Task objective: From the first line to the last, repeat the data exactly and drop the pictures.

Source data:
--- --- ---
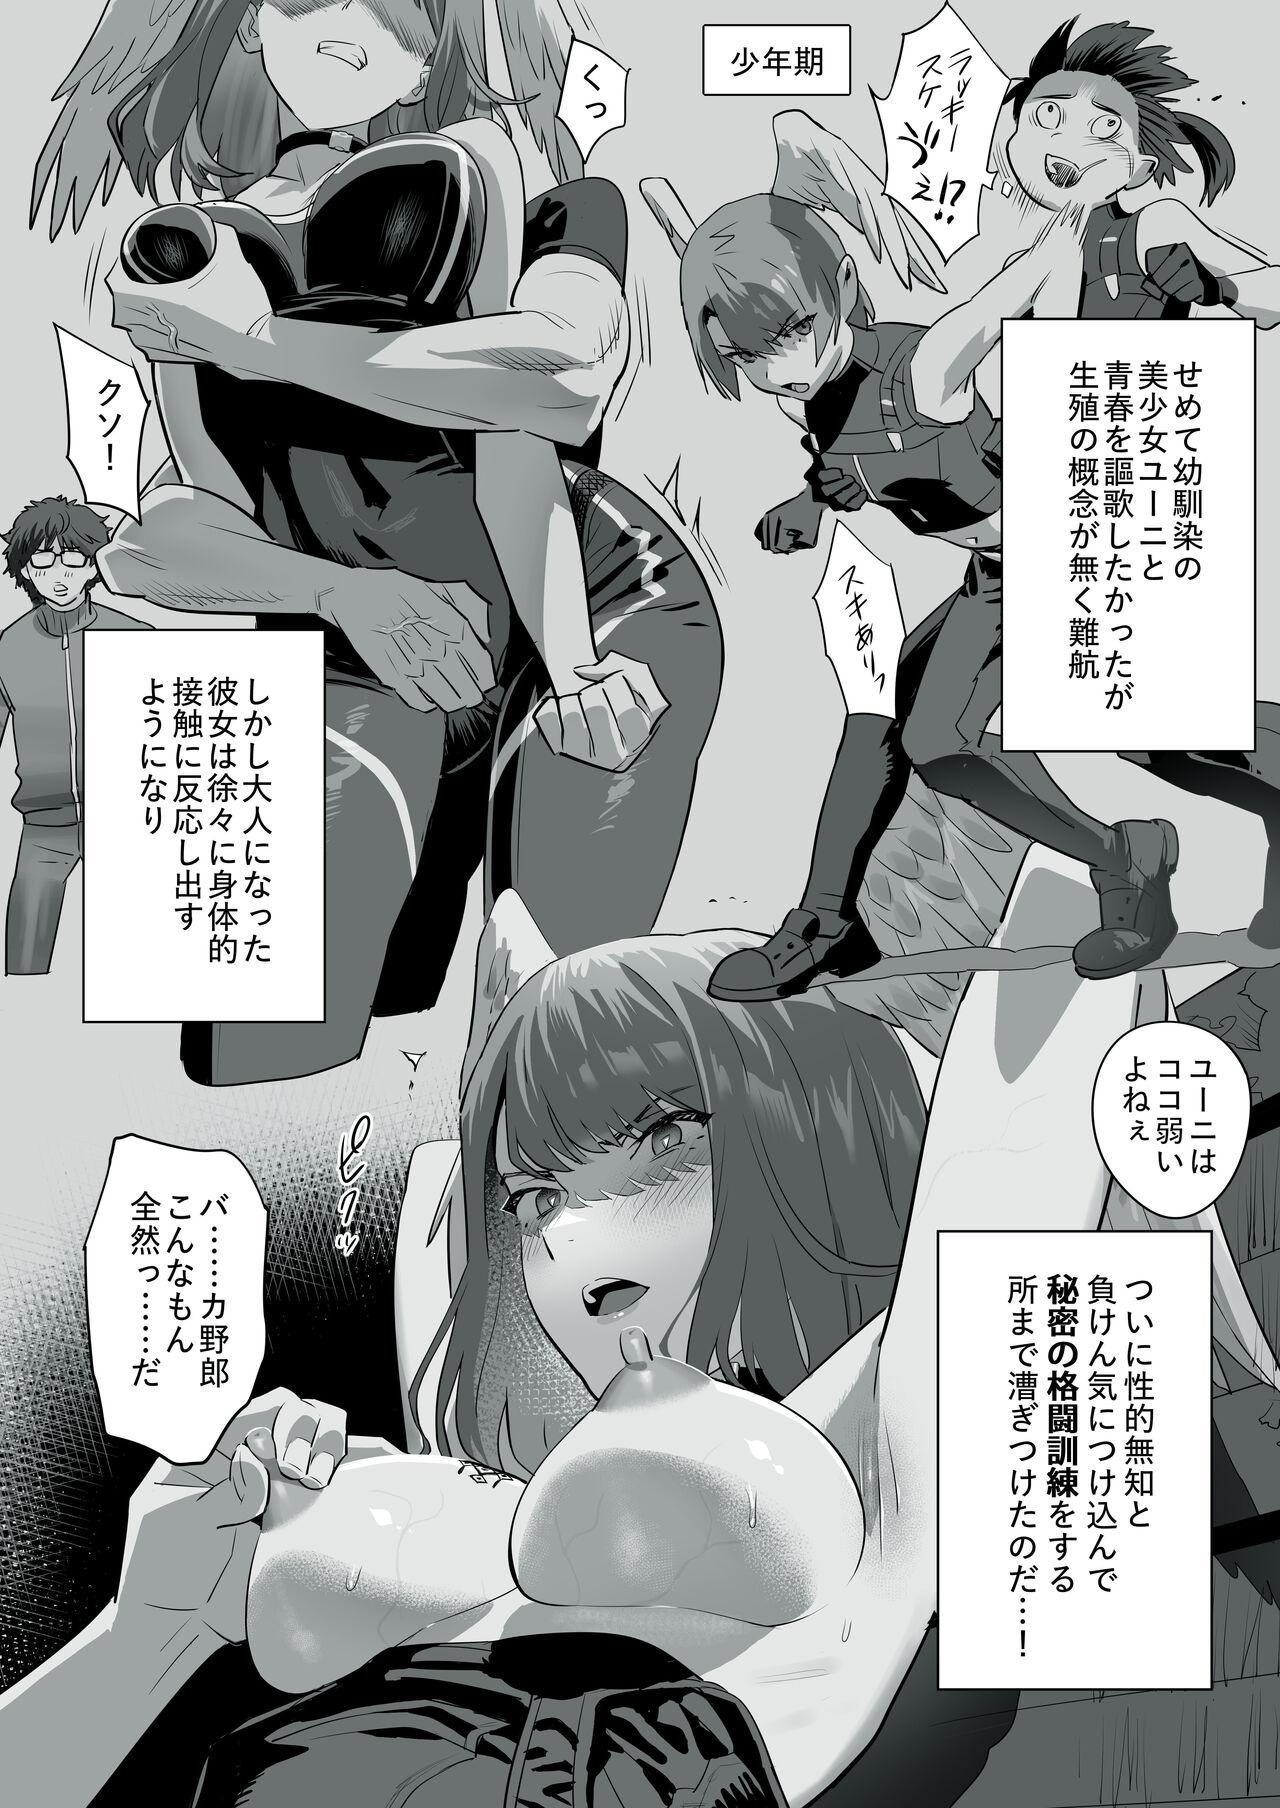 Storyline Tensei-saki ga Xenoblade 3 Manga - Xenoblade Xenoblade chronicles 3 Pov Blow Job - Picture 2
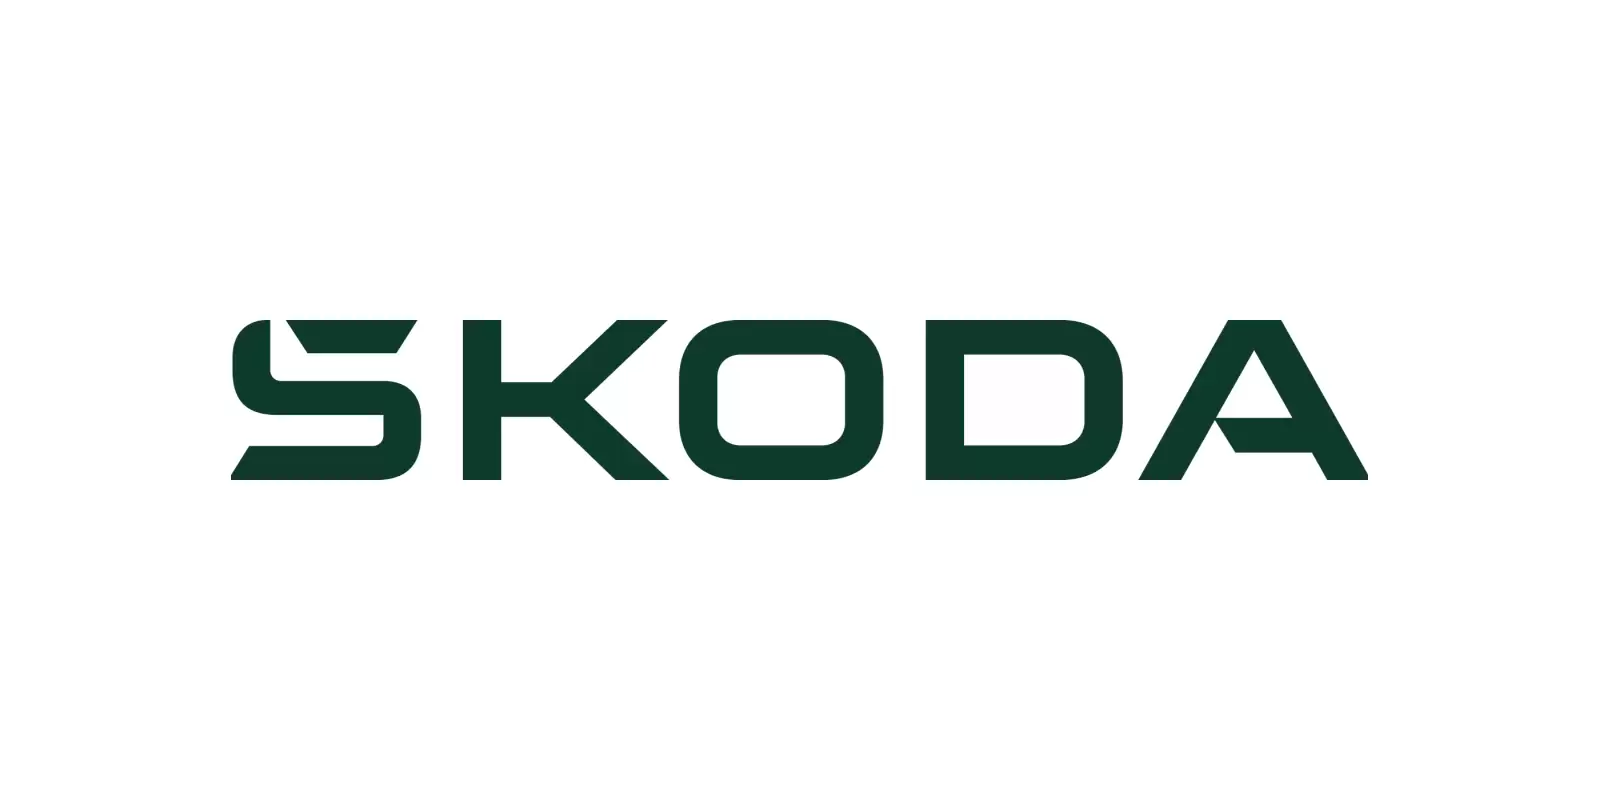 Skoda tú eliges compra flexible financiación logo
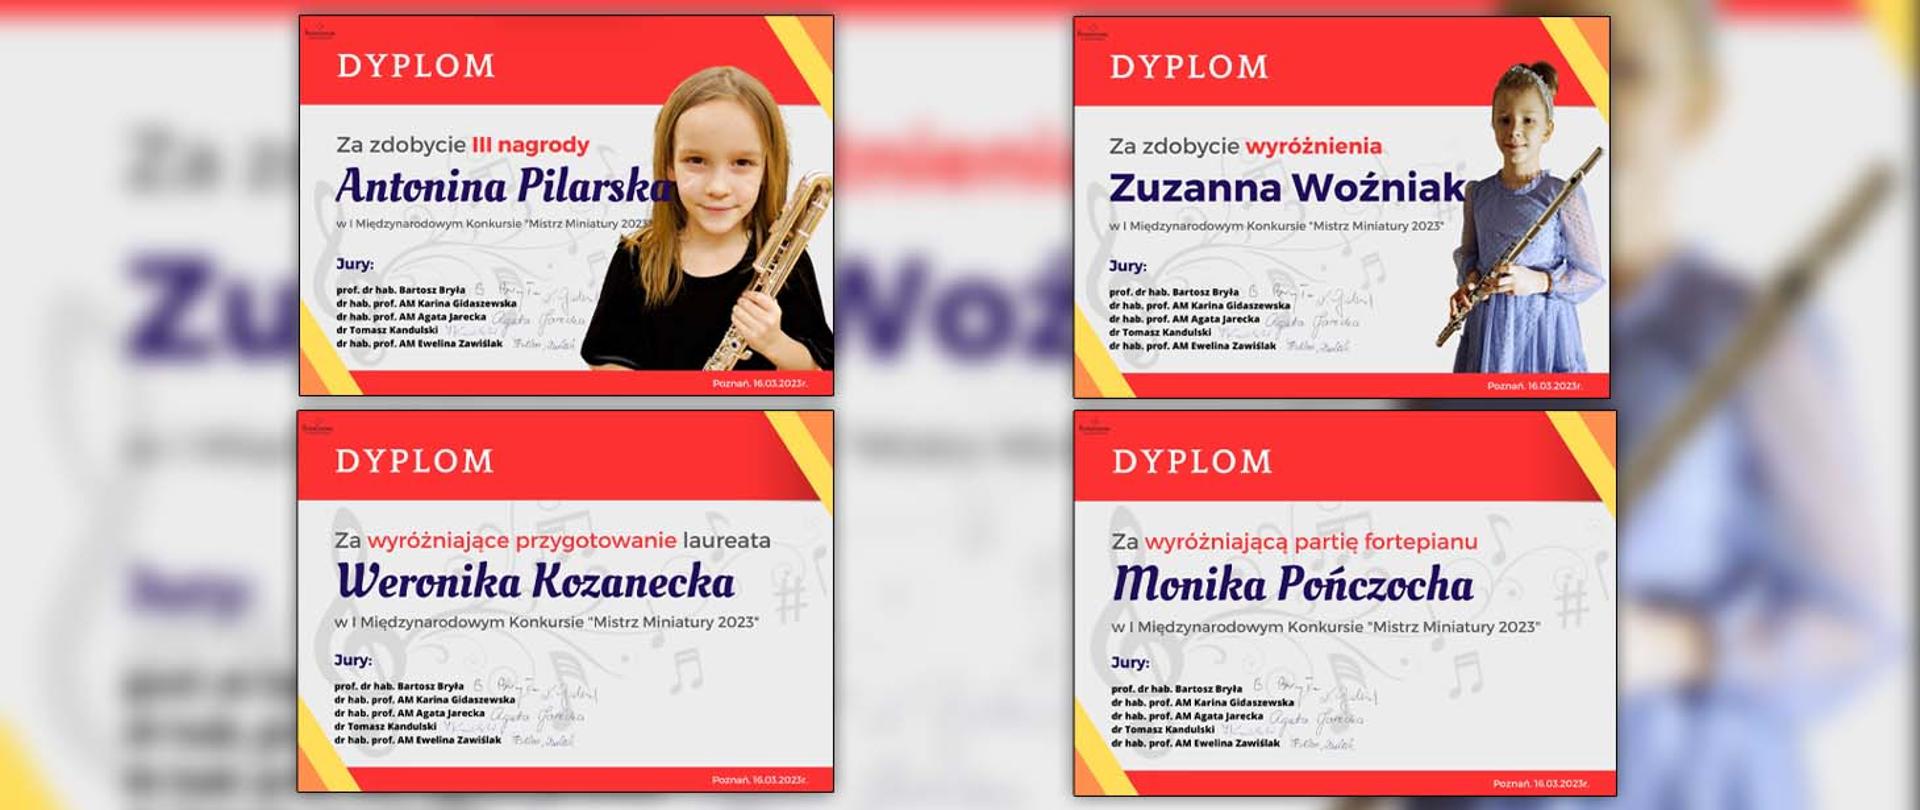 Collage 4 dyplomów - Antoniny Pilarskiej za zdobycie 3 nagrody, Zuzanny Woźniak za zdobycie wyróżnienia i dwóch nauczycielek za przygotowanie uczniów i akompaniament na fortepianie.
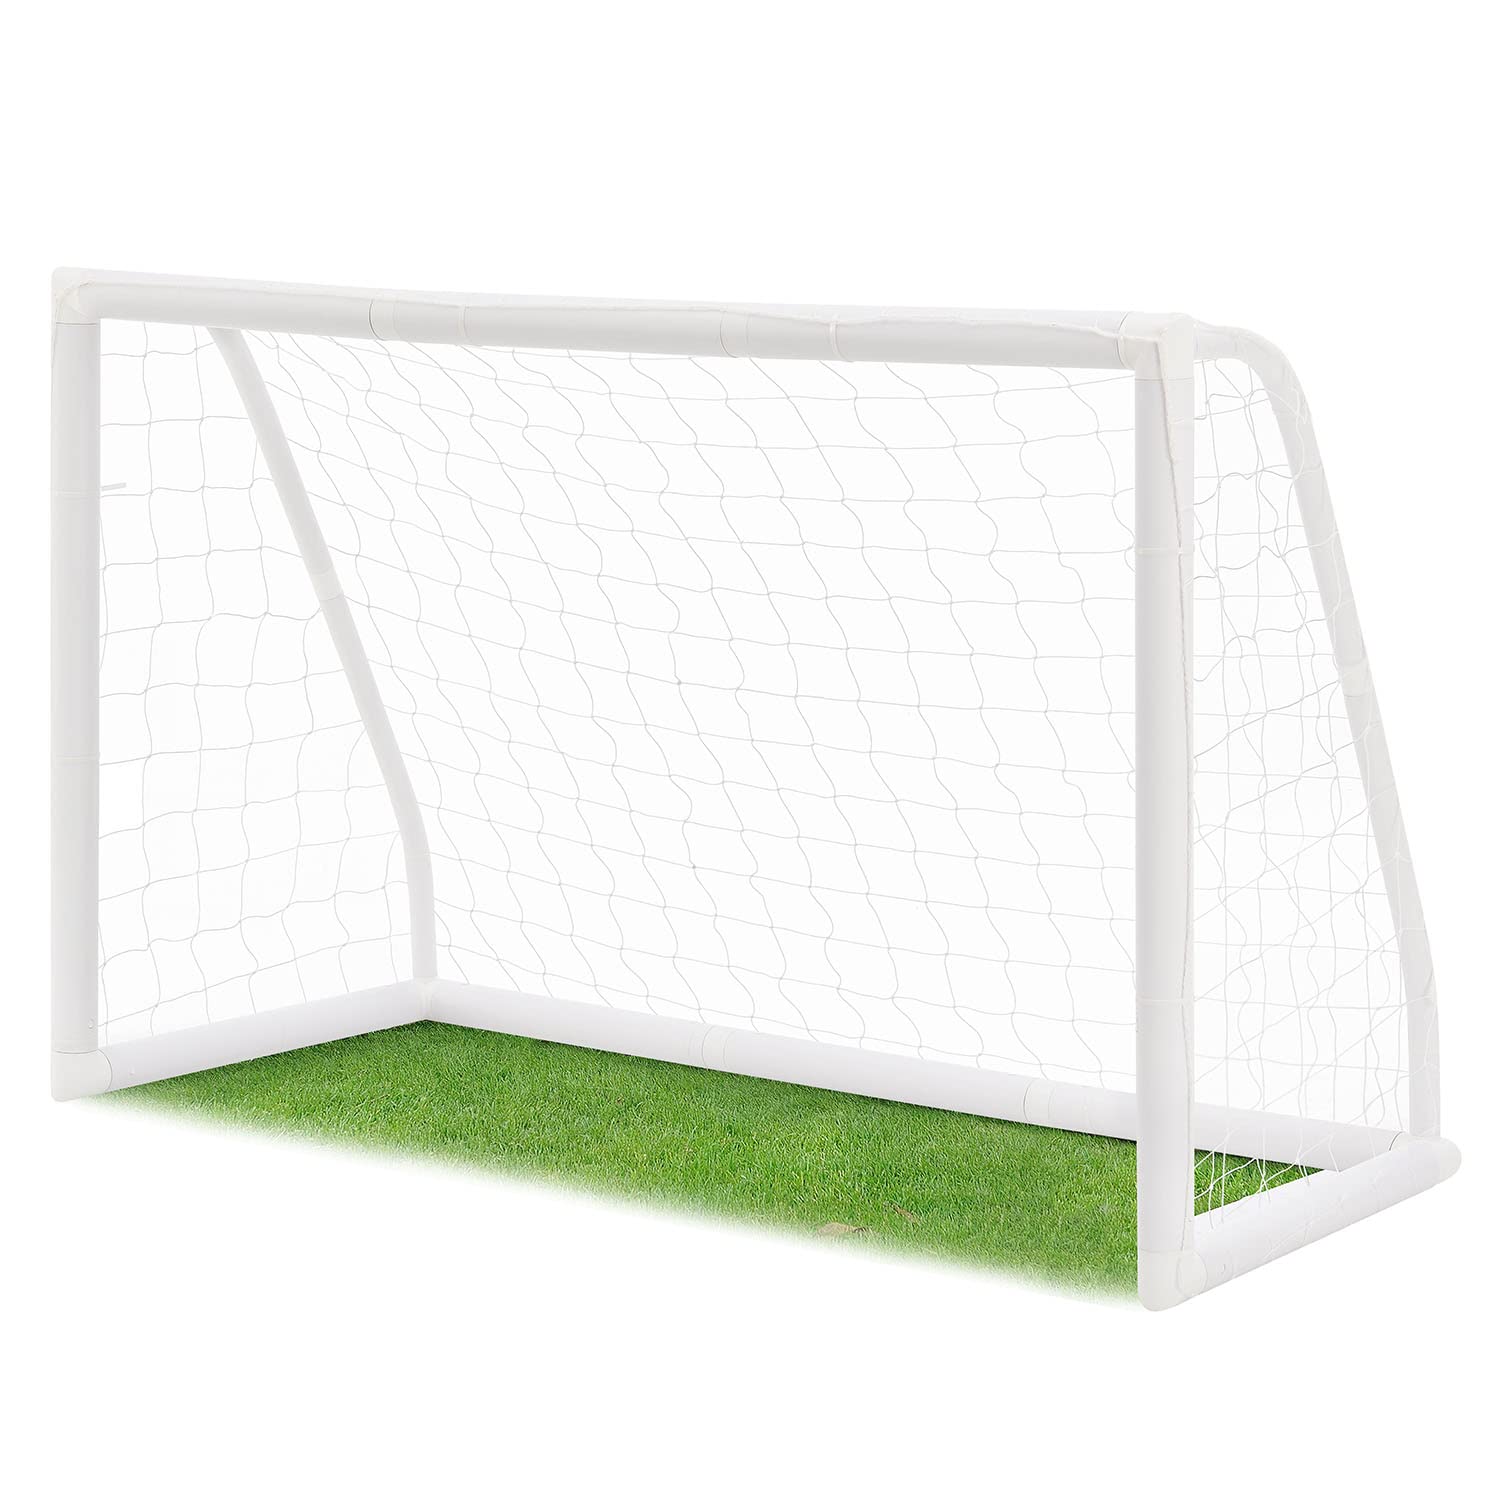 ArtSport Fußballtor 180 x 120 cm - Mini Fussballtor mit Klicksystem für Garten in Weiß - Stabiles Fußball Tor klein inklusive Netz & Tragetasche
--- --- ---
Output of the exercise:
 Storyline Tensei-saki ga Xenoblade 3 Manga - Xenoblade Xenoblade chronicles 3 Pov Blow Job - Picture 2
 Skoda tú eliges compra flexible financiación logo
 Collage 4 dyplomów - Antoniny Pilarskiej za zdobycie 3 nagrody, Zuzanny Woźniak za zdobycie wyróżnienia i dwóch nauczycielek za przygotowanie uczniów i akompaniament na fortepianie.
 ArtSport Fußballtor 180 x 120 cm - Mini Fussballtor mit Klicksystem für Garten in Weiß - Stabiles Fußball Tor klein inklusive Netz & Tragetasche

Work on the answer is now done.